In his daily morning press conference at the National Palace, the president thus responded to a question about statements by the Spanish Foreign Minister, José Manuel Albares, who made his government’s support for the electricity reform conditional on it not affecting Iberdrola, Repsol and other Iberian companies.
López Obrador expressed that it is important that the reform is approved because it prevents abuses, and gave as an example private companies that support someone who sets up a wind, solar or gas plant and what it produces is supposedly for self-consumption, but it is not. .
What they did was create a large company and they all became partners of Iberdrola until it became a monopoly that charges the domestic consumer dearly and pays less for the electricity that their companies and businesses spend, and, in addition, they receive subsidies, and all these tricks they are eliminated if the electricity reform is approved, he said.
The same, he said, happens with lithium, which everyone is after, because the reform also clarifies that this resource must be exploited by the nation and not by foreign companies, because it is a strategic mineral for the country’s development.
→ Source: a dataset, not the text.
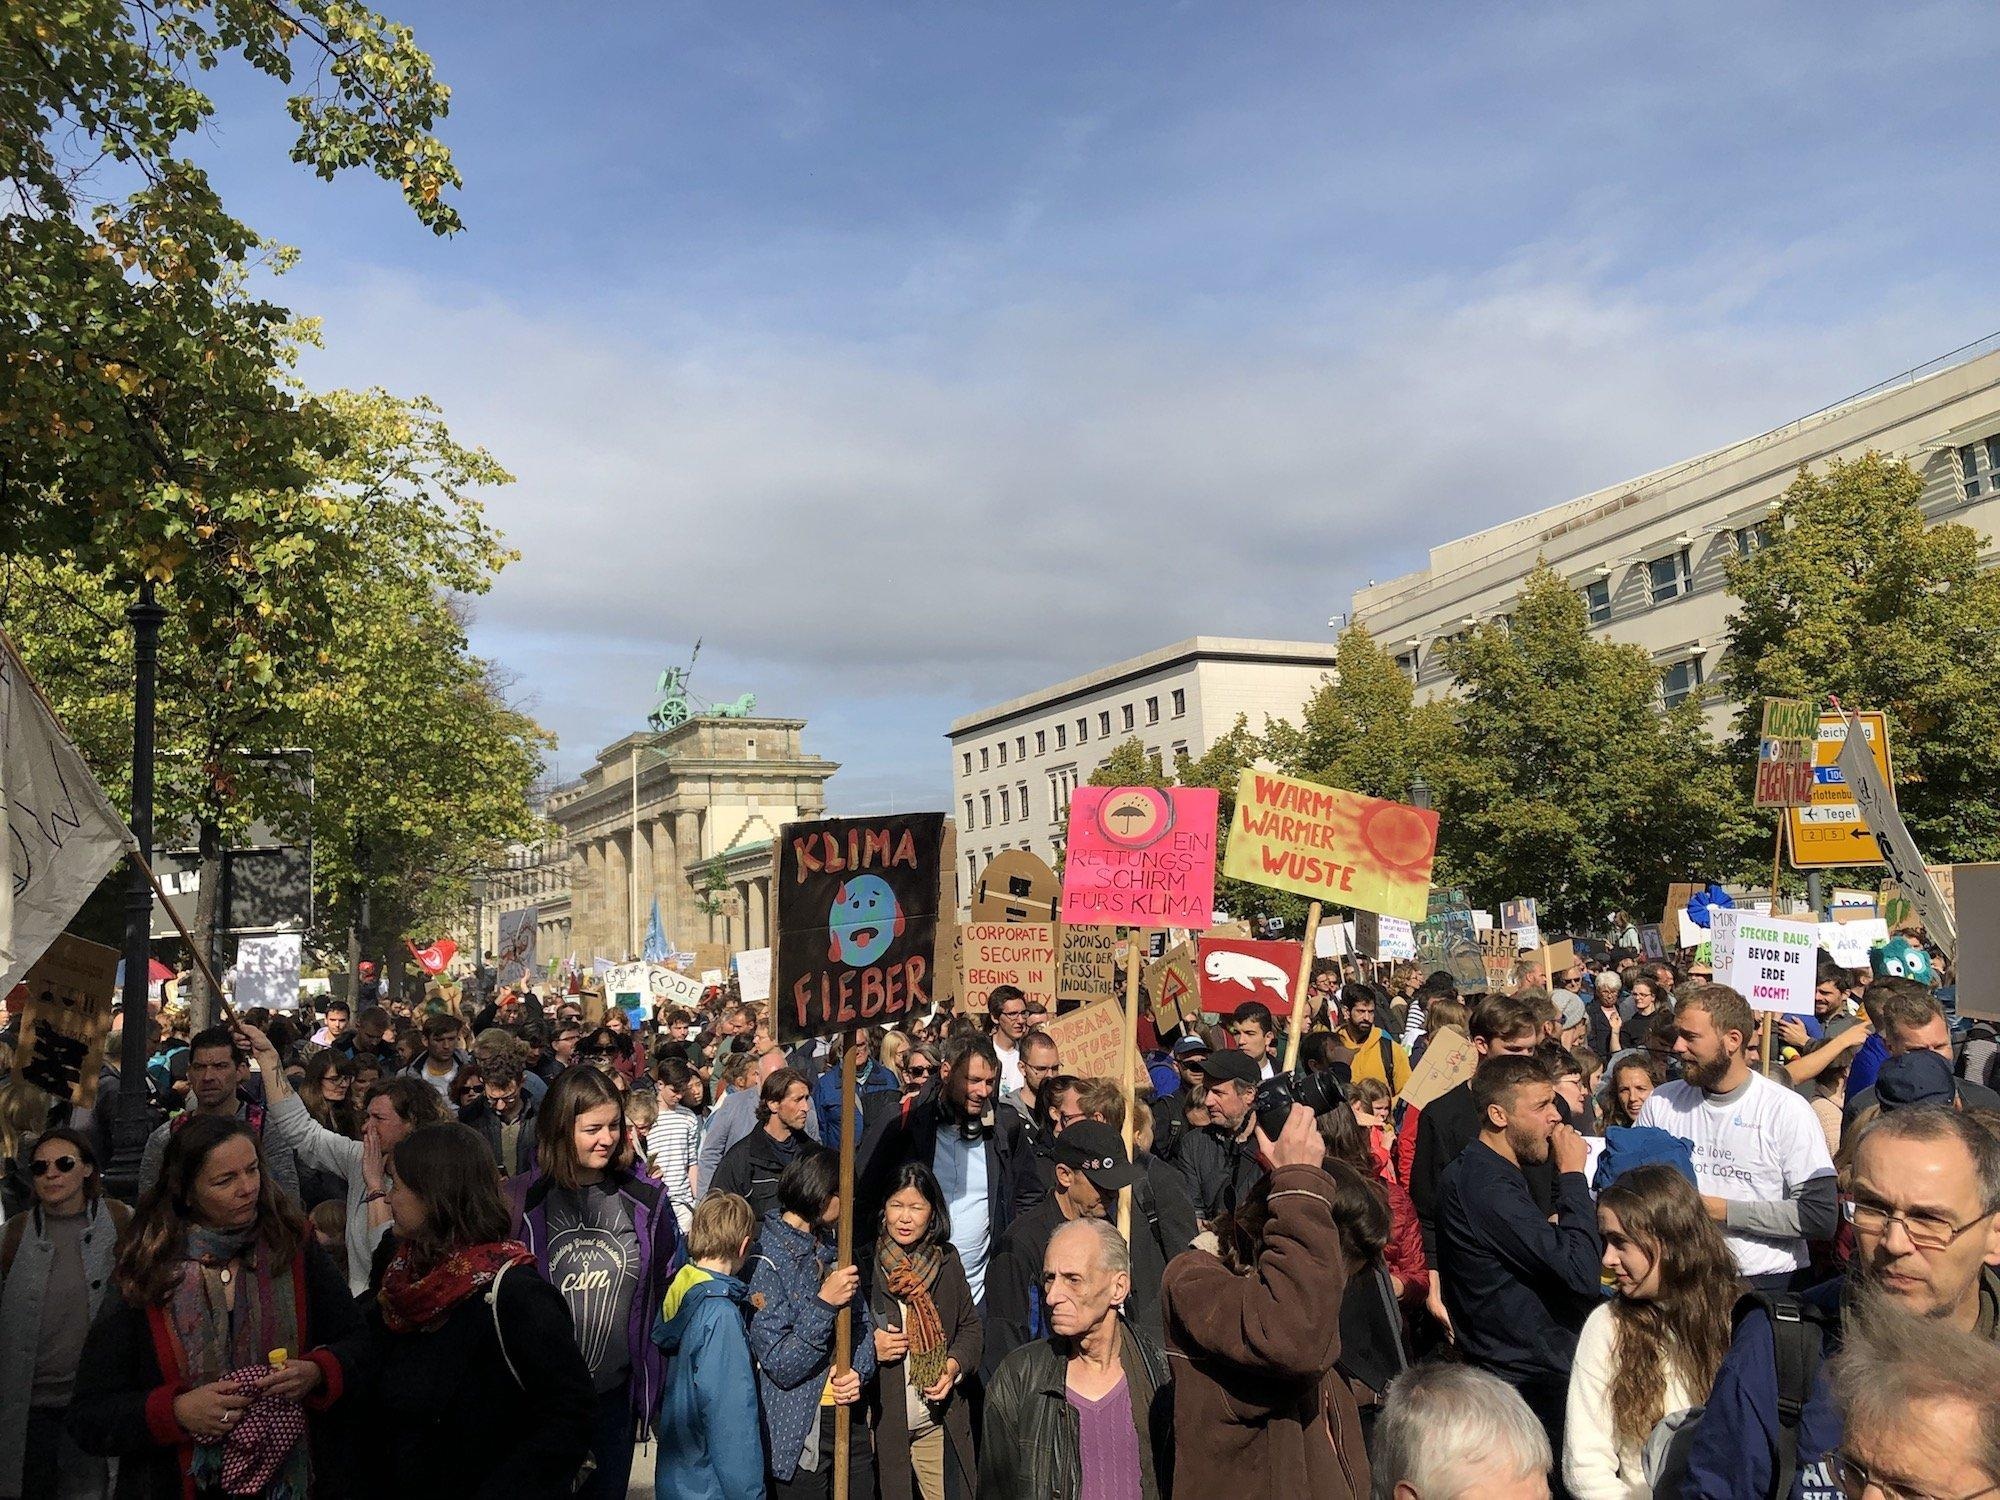 """Demonstranten der Bewegung """"Fridays for Future"""" ziehen am Brandenburger Tor vorbei. Sie halten Plakate hoch, auf denen unter anderem """"Klima Fieber"""" steht"""

The president warned that it will not be possible to replace oil if there is no development of lithium, essential to specify alternative energies.
He recalled that the Mexican deputies and senators are the ones who are going to decide and it is interesting because the reform is a place to see who is in favor of the Federal Electricity Commission, which is a public company that provides services to the people and proposes not to increase rates.
He affirmed that Mexico does not want the same thing to happen to it that is happening now in Spain and predicted that even with all the power that Repsol, Iberdrola and all those companies have, Madrid is going to have to put a stop to them because people can no longer stand the prices of electricity and gas.
It is also the case, he pointed out, of the United States with the increase in gasoline prices, “and now they come to Mexico to load fuel because there is no one to pay for them there.”
He clarified that a rational subsidy policy is being applied so that there are no “gasolinazos” and to be able to corner inflation. If we don’t put up with it, even if we increase crude oil production, it will end everything because of the cost of living, he warned.
Now, he said, we have a different policy and it helps us, we are free because a country dominated by foreign companies, what hope can it assure the people, none and that is not even good for the companies themselves.
There must be a separation of the economic and the political, and when the former dominates and controls the political, the majority of citizens have no protection. This is what we are now experiencing in Mexico: that government is for everyone, he said.